If you measure your crank pulley diameter and alternator pulley diameter.
Then take the engine RPM x crank pulley dia / alternator pulley dia

Just numbers
1000(engine RPM) x 6.5 / 2.5 = 2600( alternator RPM)

Cool this should work out for what I need then. It's sold as a 35 amp alternator but should produce about 75 amps at cruising rpms, if i am interpreting the graph correctly
 
Since the speed of the alternator would be dependent on the size of the crank pulley, and they don’t know that when testing an alternator by itself, I would assume that the rpm is the speed of the alternator.

The alternator is making some current anytime it is rotating, the graph is just the range it was tested in.

If you want to know how much current it is making at engine speed, you can figure it out as follows.

If you have a 2 1/2 inch alternator pulley and a 7 inch crank pulley (like mine), the alternator would be spinning 7/2.5 = 2.8 ( the ratio of the pulleys) so the alternator spins about 2.8 times faster than the engine. So if you divided the rpm numbers on the chart by about 3, you would be close. You can measure your pulleys and get an exact answer for your engine.
 
Since the speed of the alternator would be dependent on the size of the crank pulley, and they don’t know that when testing an alternator by itself, I would assume that the rpm is the speed of the alternator.

The alternator is making some current anytime it is rotating, the graph is just the range it was tested in.

If you want to know how much current it is making at engine speed, you can figure it out as follows.

If you have a 2 1/2 inch alternator pulley and a 7 inch crank pulley (like mine), the alternator would be spinning 7/2.5 = 2.8 ( the ratio of the pulleys) so the alternator spins about 2.8 times faster than the engine.

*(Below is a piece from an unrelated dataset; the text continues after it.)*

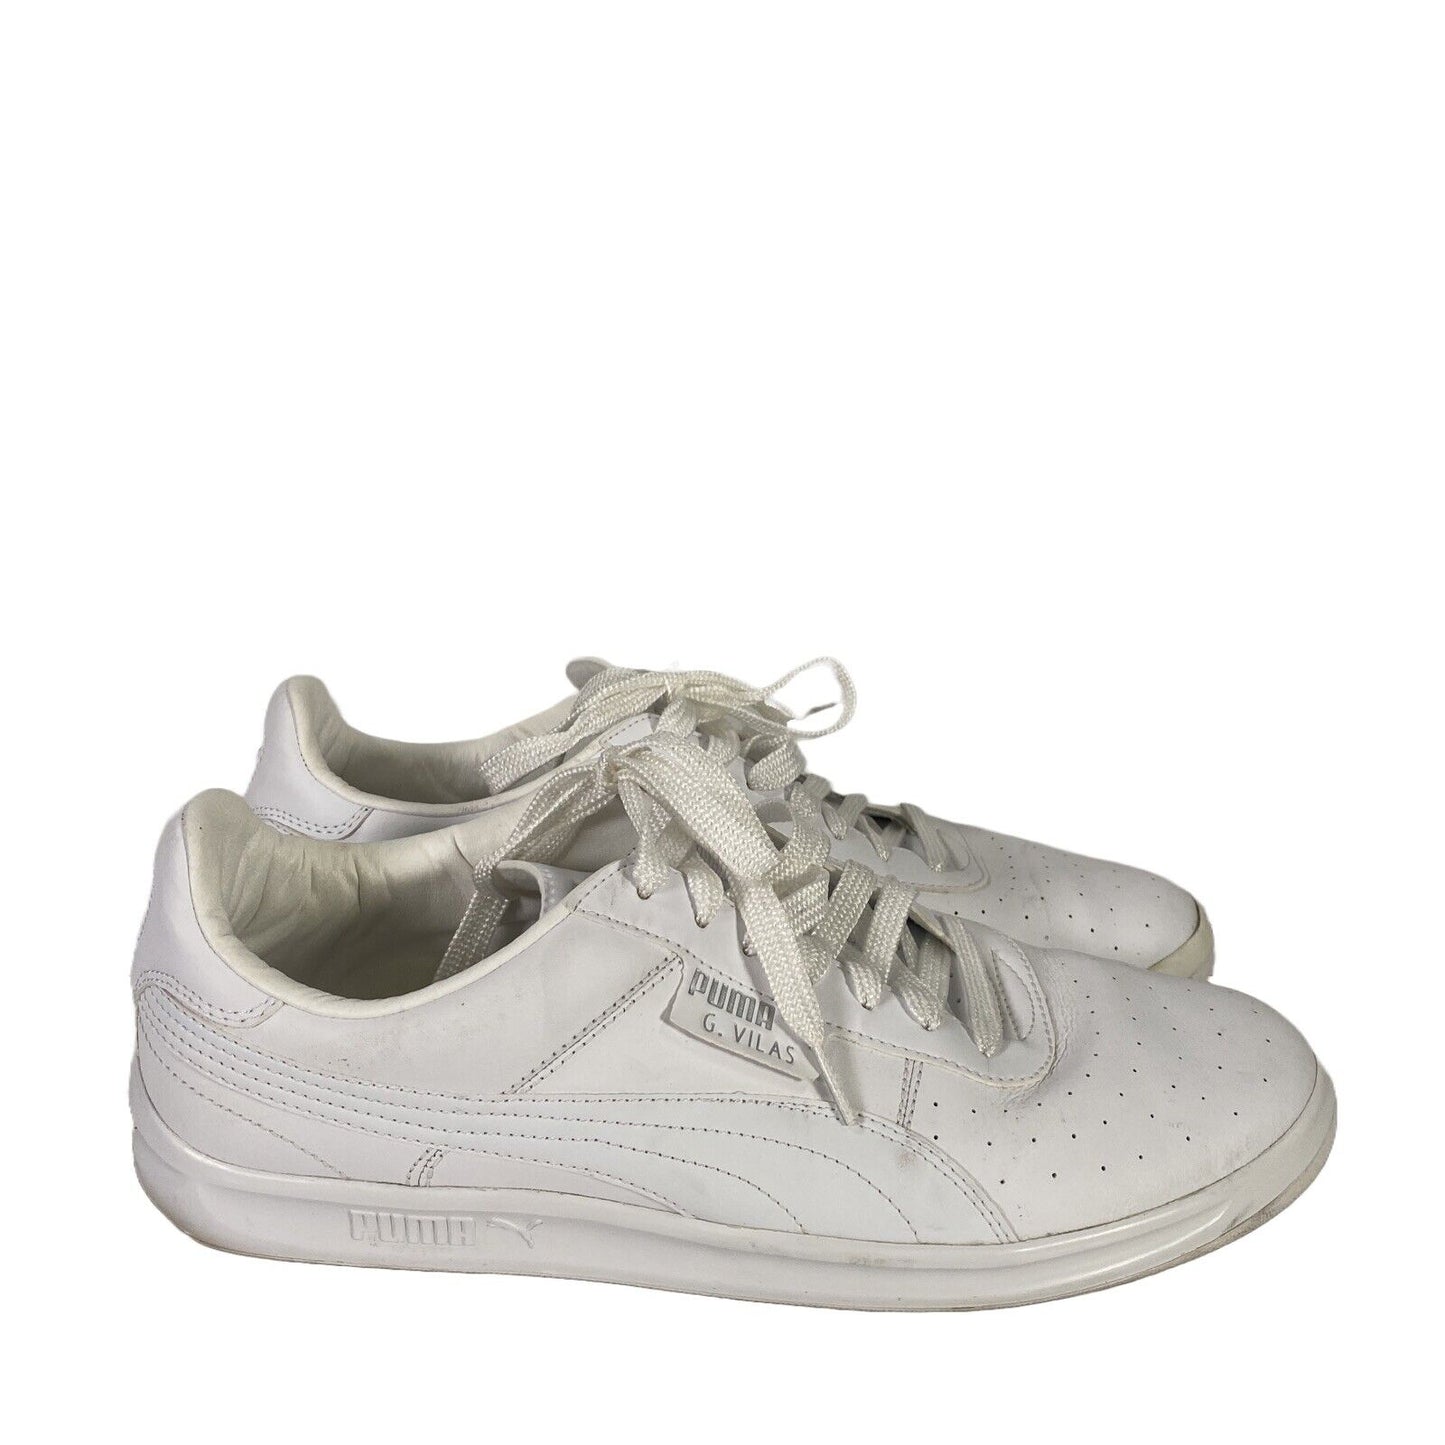 Puma Men's White Leather G.Vilas Lace Up Casual Sneakers - 13

So if you divided the rpm numbers on the chart by about 3, you would be close. You can measure your pulleys and get an exact answer for your engine.

Yup this will be going on a slant six and I have the same pulley diameters so I should hopefully be generating about 57 amps at 800 engine rpm and about 76 amps at cruising at 2100 engine rpms
 
Cool this should work out for what I need then. It's sold as a 35 amp alternator but should produce about 75 amps at cruising rpms, if i am interpreting the graph correctly
Depending on the pulley ratios.

And if you are pulling 75 amps you MUST redo your stock wiring to handle the load.
 
The fact that this sort of info is not more readily available is troubling. When I worked at the "big parts store" we had a HUGE Delco catalog that had curves for endless models of Delco alternators.

And of course it's measured at the alternator shaft. The maker of the alternator cannot possibly know what the pulley ratios are on whatever it's installed
 
Yup this will be going on a slant six and I have the same pulley diameters so I should hopefully be generating about 57 amps at 800 engine rpm and about 76 amps at cruising at 2100 engine rpms

Chrysler rates their alternators @ 1250 ENGINE RPM. Using the bottom part of your chart, it shows the output of your alternator is around 35 amps @ 1250 rpm and ~60 amps at cruising RPM. The amperage at idle RPM is considerably less. The ammeter of my old 1970's Dodge would go negative with the headlights on AND the heater on high, at a low idle speed. And immediately go positive when I hit the gas. This is normal.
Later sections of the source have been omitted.